How to solve this system of equations in Lagrange Multiplier problem

Question

Find the maximum and minimum values of ${x^{2} + y^{2} + z^{2}}$ subject to the conditions ${\frac{x^{2}}{4} + \frac{y^{2}}{5} + \frac{z^{2}}{25} = 1}$ and ${x + y - z = 0}$.

Using Lagrange multiplier method, I got following equations: $$ {2x = \frac{\lambda_{1} x}{2} + \lambda_{2}}$$ $$ {2y = \frac{2 \lambda_{1} y}{5} + \lambda_{2}}$$ $$ {2z = \frac{2 \lambda_{1} z}{25} - \lambda_{2}}$$ $${\frac{x^{2}}{4} + \frac{y^{2}}{5} + \frac{z^{2}}{25} = 1}$$ $${x + y - z = 0}$$

I'm stuck after this. I've tried to solve this system of equations to get critical point many times. Any help will be greatly appreciated.
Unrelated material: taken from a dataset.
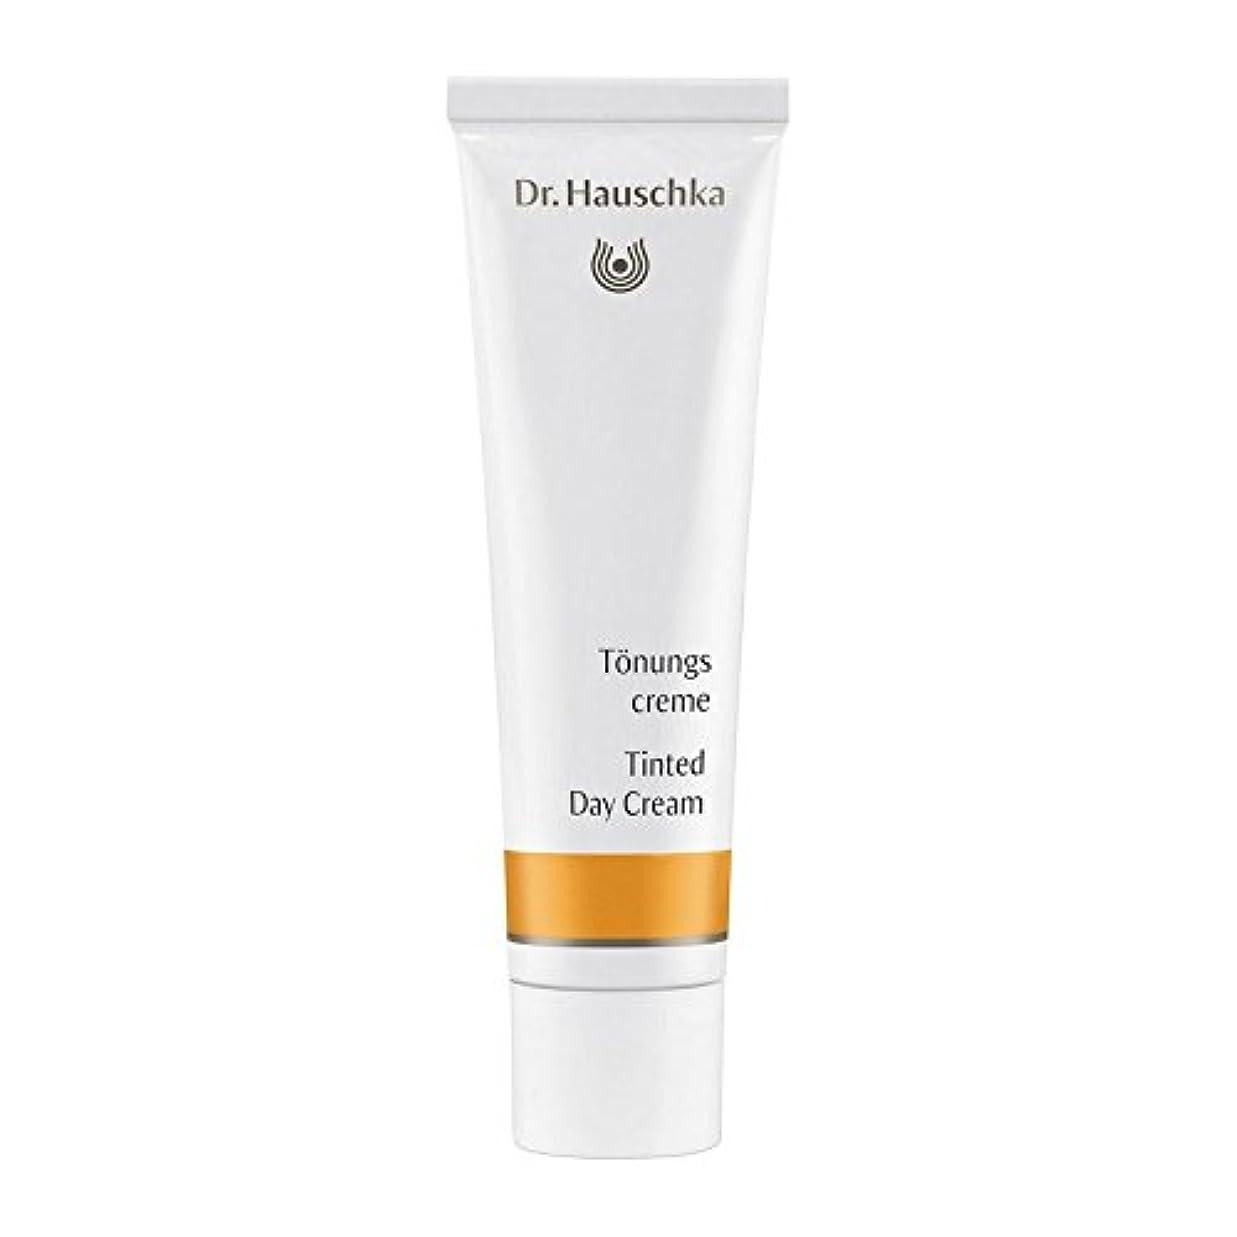 動物うれしい丘Dr. Hauschka Tinted Day Cream 30ml - ハウシュカ着色デイクリーム30 [並行輸入品]

Also is there any other way to approach this problem?

Answer 1

I think Lagrange multipliers method is not necessary here.

We need to find a maximal and a minimal value of $x^2+y^2+(x+y)^2$, where $\frac{x^2}{4}+\frac{y^2}{5}+\frac{(x+y)^2}{25}=1.$

Let $2(x^2+xy+y^2)=k$.

Hence, the condition gives $29x^2+8xy+24y^2=100$ or $$k(29x^2+8xy+24y^2)=200(x^2+xy+y^2),$$ which says that the equation $$(29k-200)x^2+(8k-200)xy+(24k-200)y^2=0$$ has real solutions.

If $k=\frac{200}{29}$ we has solutions.

Let $k\neq\frac{200}{29}$.

Hence, $$(4k-100)^2-(29k-200)(24k-200)\geq0,$$ which gives $$\frac{75}{17}\leq k\leq10$$

It's obvious that the equality occurs in both cases and we are done!